Visite de l'exposition « AfroVision » de Mounia Youssef. Ph / Tognidaho

Bénin-Arts plastiques : « AfroVision », une revendication identitaire et féministe

Des œuvres de l’artiste photographe et designer graphique Mounia Youssef sont en exposition du 5 octobre au 31 décembre 2019 à la galerie du centre culturel finno-africain « Villa Karo » sis à Grand-Popo.

Une cinquantaine d’œuvres portant sur les cheveux naturels et le féminisme, le tout condensé dans une exposition intitulée « Afro Vision ». C’est le fruit de plusieurs années de recherches menées par Mounia Youssef, une artiste photographe libano-togolaise vivant au Bénin. Majoritairement constituée de photos et de posters, cette exposition révèle une certaine évolution dans son travail artistique. Suite à ses précédentes expositions dont « l’Hair du Temps » en 2017 et celle collective « A quelle distance est le passé du présent ? » en mars dernier, « Afro Vision » vient étaler le répertoire de l’artiste. Ceci pour insister sur ses idéaux en vue d’inciter son public à se défaire de certains stéréotypes. L’acceptation de soie, l’appropriation des valeurs ancestrales africaines et l’émancipation de la gente féminine sont tant d’idéaux que Mounia défend à travers ses œuvres.
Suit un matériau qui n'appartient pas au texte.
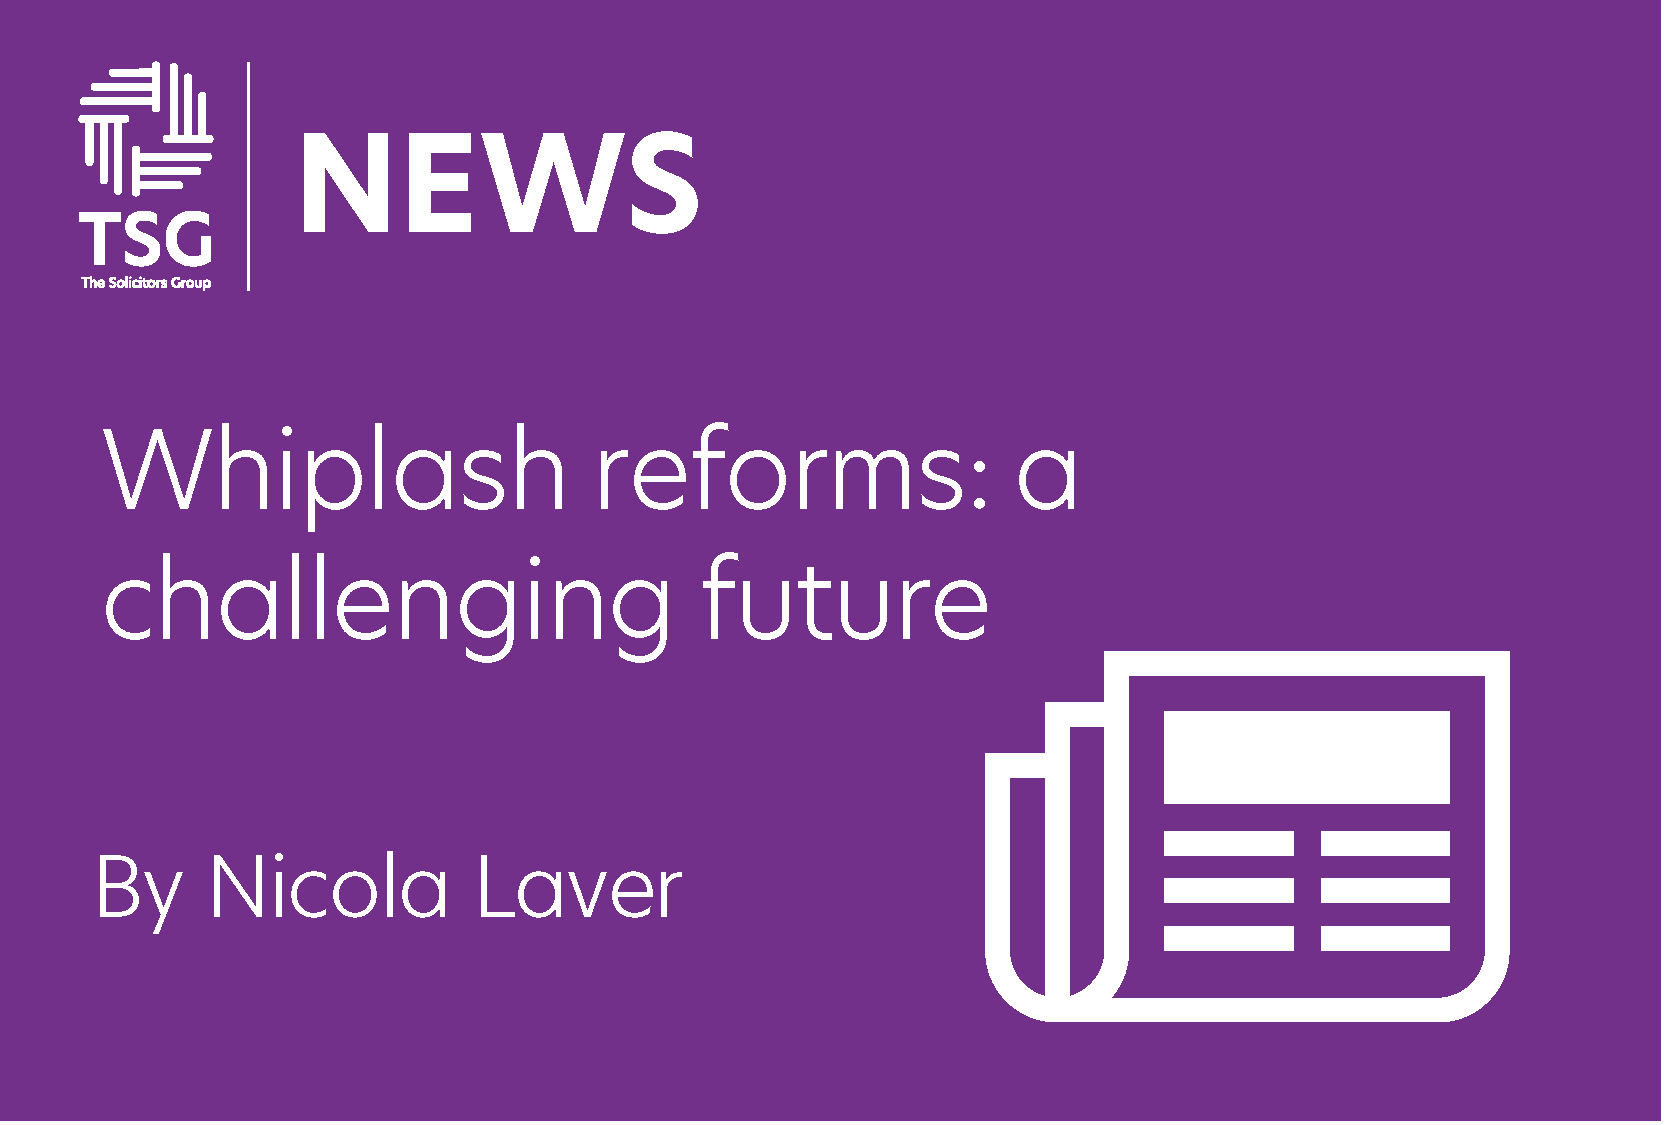 Whiplash reforms

« J’aime mes cheveux parce qu’ils sont un reflet de mon âme. Ils sont denses, frisés, doux, texturés, difficiles, faciles et amusants. C’est pourquoi j’aime mes cheveux ». Cette assertion de l’actrice américaine Tracee Ellis Ross, l’artiste photographe l’épouse entièrement au point de la relayer dans le texte explicatif de sa démarche artistique (imprimé et exposé dans la galerie). Métisse et fière de l’être, Mounia Youssef voit en ses cheveux frisés, son identité. Fortement influencée par le mouvement ‘’Nappy’’ (mouvement né dans les années 2000 aux Usa et qui consiste à garder ses cheveux à l’état naturel), l’artiste y consacre une vingtaine d’œuvres. Avec des graphiques puis une série de portraits (photos de modèles hommes et femmes) en noir et blanc réalisés en studio et n’ayant subi aucune touche artificielle si ce n’est à l’étape de la post production, Mounia met en exergue des coiffures et tresses africaines.

Au-delà de la beauté mis en exergue à travers les Nappy (cheveux naturels), les œuvres de Mounia Youssef renvoient à l’authenticité de l’identité africaine. Pour elle, les cheveux naturels constituent un patrimoine qu’il faut à tout prix conservé. L’artiste y voit également un moyen de réappropriation voire de revendication identitaire. Outre ce travail de revendication identitaire, « Afro Vision » s’intéresse aux femmes du monde. Dans un autre angle de la galerie, sont exposées des œuvres assez ‘’féministes’’. Avec des posters, collages digitaux coupures de presse et d’autres fragments historiques, Mounia Youssef fait référence à ces grandes femmes qui ont impacté l’histoire de l’humanité. Ce travail est une invite à l’émancipation de la femme. Mounia rêve d’une Afrique où les femmes décident et ne se laissent point écraser par le poids des préjugés socioculturels.